More on this phenomenon can be found in the section:
Power Variations Due to Lack of Mirror
Substrate Wedge which explains the cause in more detail and additional
tests that were performed on this specific tube.
Plot of Melles Griot 05-LHR-151 HeNe Laser Head
During Warmup (Polarized). This is the same laser head but with the
two orthogonal polarizitions separated (as described for the shorter tubes,
above) and oriented for maximum variation ("ripple"). They are plotted
separately to reduce clutter. Since there are always modes of both
polarization present regardless of polarizer orientation, the output
power in doesn't go to zero as with the shorter laser but their ripple is
almost perfectly complementary. As expected, the size of the fluctuations
in each polarization - 5 to 10 percent - is more in line with the total power
behavior of a laser with only 2 or 3 modes. Even this amplitude seems
remarkable given the almost perfectly smooth behavior of the total (randomly
polarized) power. If the plots are examined very carefully, it will be noted
that their envelopes are not identical - there is a very subtle slow
variation over the course of the warmup period. This may be attributed to
a small rotation of the polarization axes as the tube expands. With
some samples of these lasers, it can be much more dramatic including
polarization flips whenever it feels like it. But such behavior
is still considered normal since for a random polarized laser, only the total
power really matters, not any peculiar gyrations the modes may go
through.
Plot of Melles Griot 05-LYR-173 HeNe Laser
Head During Warmup (Polarized). The same laser with a polarizing
filter in the beam. The fluctuations are larger as expected both
because of the fewer modes in the polarized beam, and the lower gain
of the 594.1 nm lasing line.
Since the laser head has optics to separate
the modes with orthogonal polarization, the raw beam already varies
by more than 2:1 in output power without any additional polarizer. Yes,
that is the actual spread - the vertical scale hasn't been stretched!

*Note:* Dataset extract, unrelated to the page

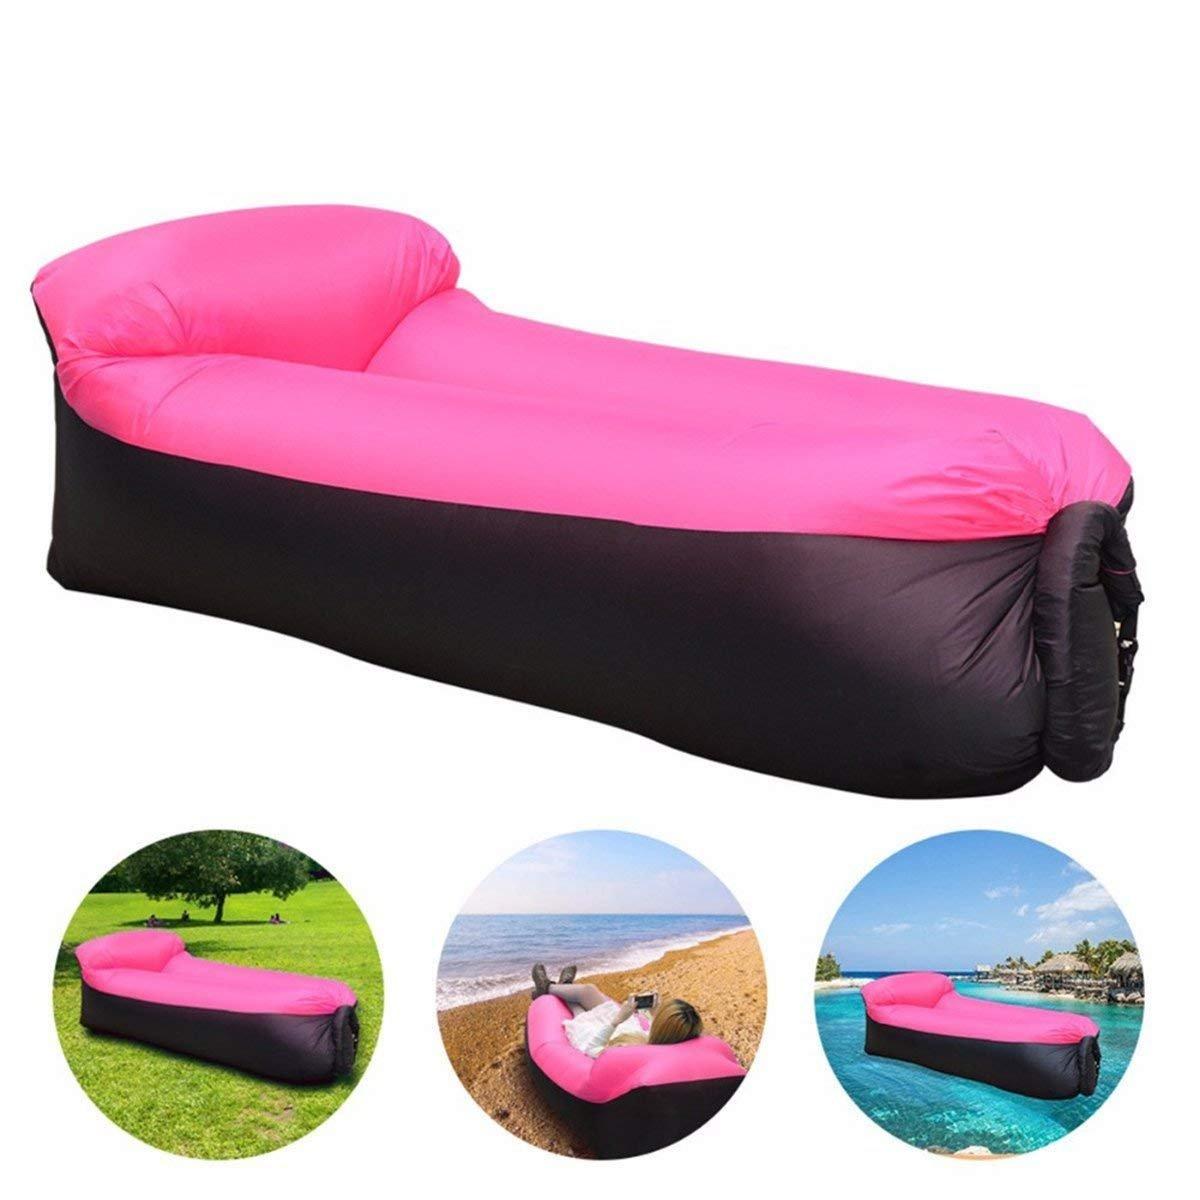 DAOXU 210T Sofa Inflable, portátil Impermeable Ligero poliéster Aire sofá Inflable ocioso, Aire Cama Tumbona de Playa para Viajes, Piscina, Camping, Parque, ...

The actual HeNe laser tube inside is a specially selected Melles
Griot 05-LHR-120, which by itself would have a normal mode sweep with a
small ripple. From a cold start to lock takes about 20 minutes.
Plot of Coherent Model 200 Stabilized HeNe Laser
Head Near End of Warmup. This plot zooms in on the last
two cycles. Notice that there is a slight distortion on the rising part
of the second cycle in the plot. That is probably when the active feedback
is switched on. Before then, the heater is simply running at a constant
current to bring the tube up to operating temperature. It only takes
less than one full additional cycle to achieve lock. The amplitude is
then quite stable (uncertainty of less than 0.5 percent on the plot),
but the frequency stability which is d(power)*slope(frequency/power),
will be under 0.125 percent of the mode spacing of around 750 MHz, so
less than 1 MHz.
However, near the very end of the warmup period (measured in terms of
mode cycles, not time) something very interesting
occurs: The tube seems to have reverted to being well behaved! This only
happens when the tube is approaching thermal equilibrium where each complete
mode cycle is taking over 90 seconds. There are perhaps 3 or 4 beyond
what is on the plot but the tube temperature is so close to its final
value that any disturbance like moving near the laser head will disrupt
the sequence. This behavior is consistent from run to run. The cause is
unknown, nor is it known whether the tube would continue to behave if
stabilization was attempted. But it might since the operating temperature
will be somewhat above the natural point of thermal equilibrium.
Plot of "Flipper" Aerotech OEM1R HeNe Laser Head
During First Part of Warmup is a closeup of the mode variations when
flipping. The shapes are nearly identical from the start of warmup until
the transition to normal behavior.
Also note that the frequency of the mode cycles for
a flipper is double that of a normal tube - each mode would normally be
what resulted from tracing the continuous curve and not taking the
discontinuities as is evident in
Plot of "Flipper" Aerotech OEM1R HeNe Laser Head
During First Part of Warmup (Combined). So following red-blue-red, etc.,
ignoring the green lines. And
Plot of "Flipper" Aerotech OEM1R HeNe Laser Head
at Transition to Normal Behavior (Combined) is a closeup of the point
where flipping ceases. Note that the "envelope" of the mode plot is virtually
unchanged at this point but the green transitions have disappeared.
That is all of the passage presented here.